The study sponsor, Gilead, decided to stop the trial early for business reasons after the U.S. Food and Drug Administration rejected its application for filgotinib in the treatment of rheumatoid arthritis, and only 74 patients of the originally planned 248 participants were randomized. “Therefore, the conclusions that have been drawn from the study are limited, and results should be interpreted with caution,” Besuyen noted.
Primary Endpoint of Treatment Failure Favored Filgotinib
The primary endpoint of treatment failure was met by 12 (38%) of 32 patients taking filgotinib and 23 (67%) of 34 patients taking placebo, generating an odds ratio of 0.23 favoring filgotinib, which was statistically significant (P = .008), Besuyen reported.
The median time to treatment failure on or after week 6, one of the trial’s secondary endpoints, was 22 weeks for placebo but could not be calculated for filgotinib because fewer than half of these patients failed treatment with filgotinib.

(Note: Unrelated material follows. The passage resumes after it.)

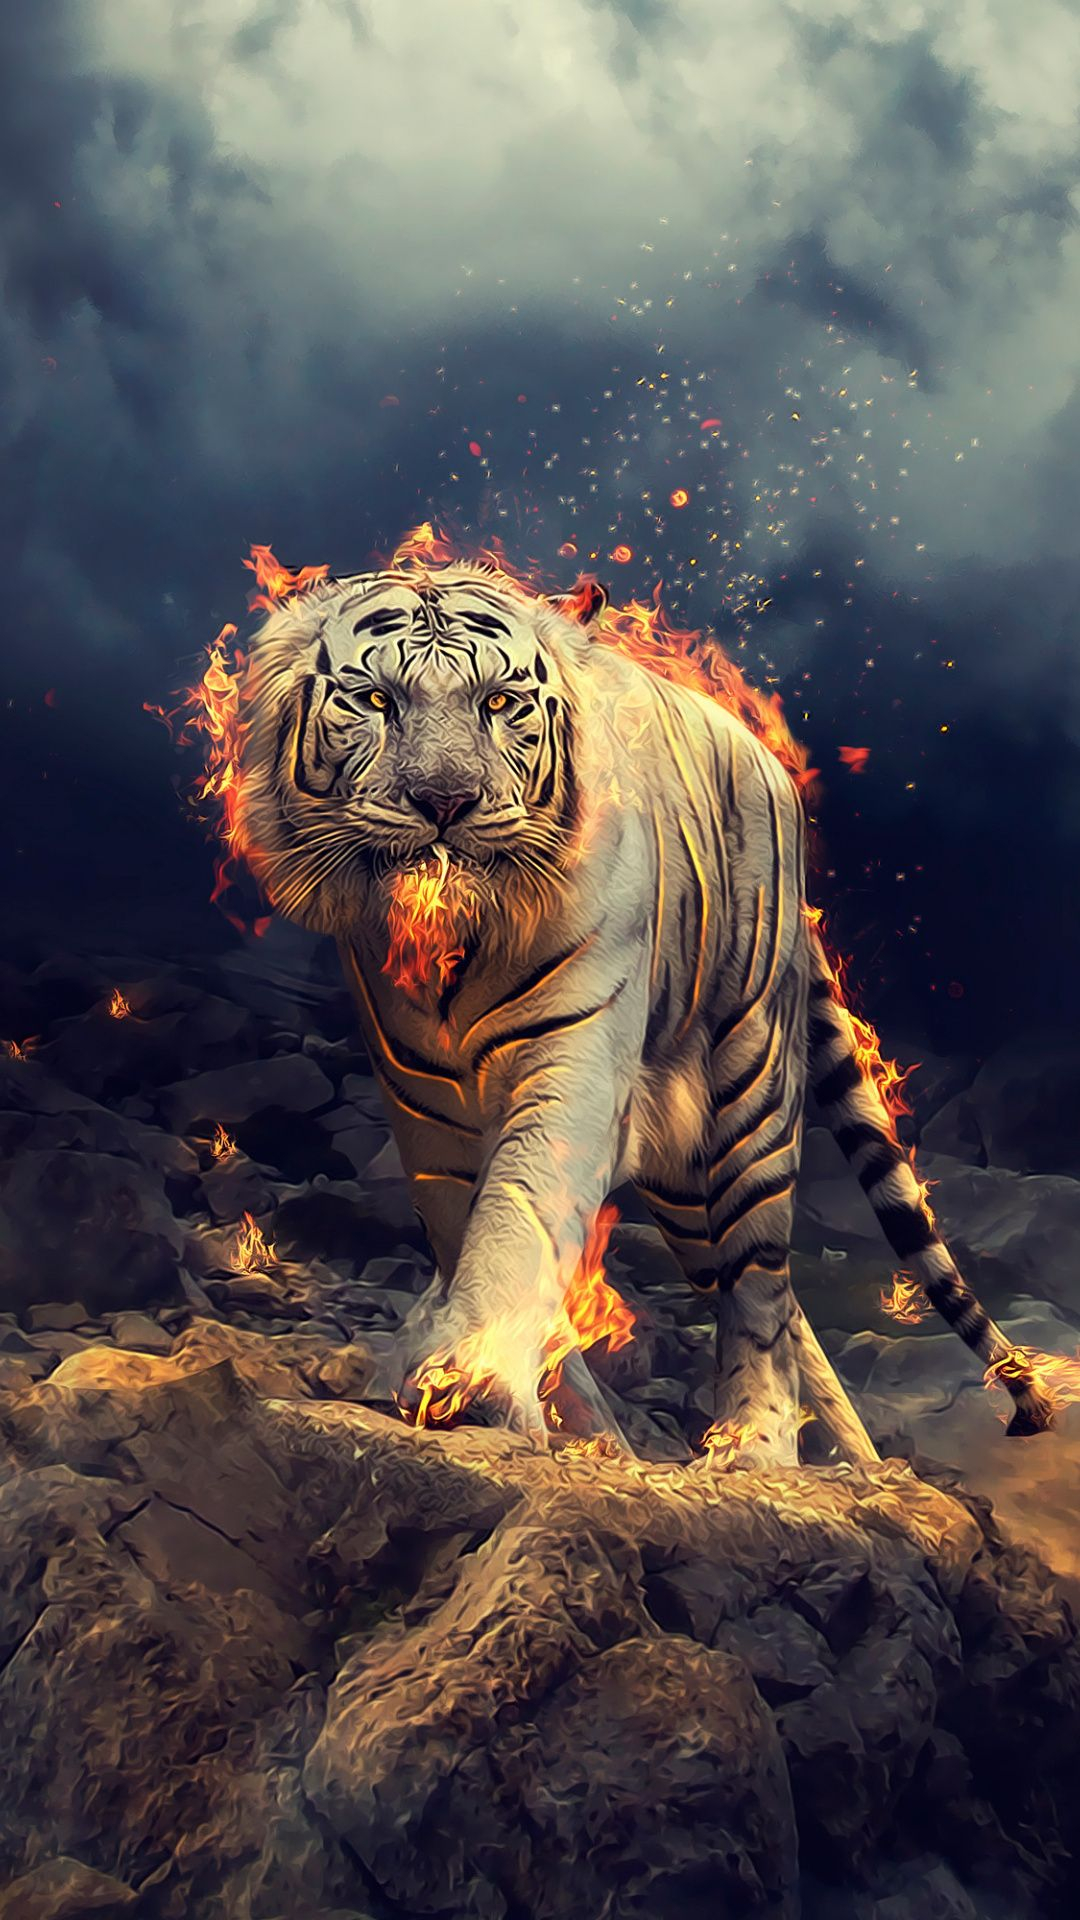 1080x1920 Angry, raging, white tiger, wallpaper | Tiger wallpaper, Wild animal wallpaper, Tiger artwork

Filgotinib was safe and well tolerated, and the safety profile emerging from this study was similar to that seen in the indications for which it is marketed in the European Union, United Kingdom, and Japan (rheumatoid arthritis and ulcerative colitis). There were no deaths, no major adverse cardiovascular events, no malignancies, and no opportunistic infections. Treatment-emergent serious adverse events were seen in 13.5% with filgotinib and 5.7% with placebo.
Gilead Sciences and Galapagos NV sponsored and collaborated on the trial. Besuyen is an employee of Galapagos NV. Baraliakos has declared no relevant financial conflicts of interest.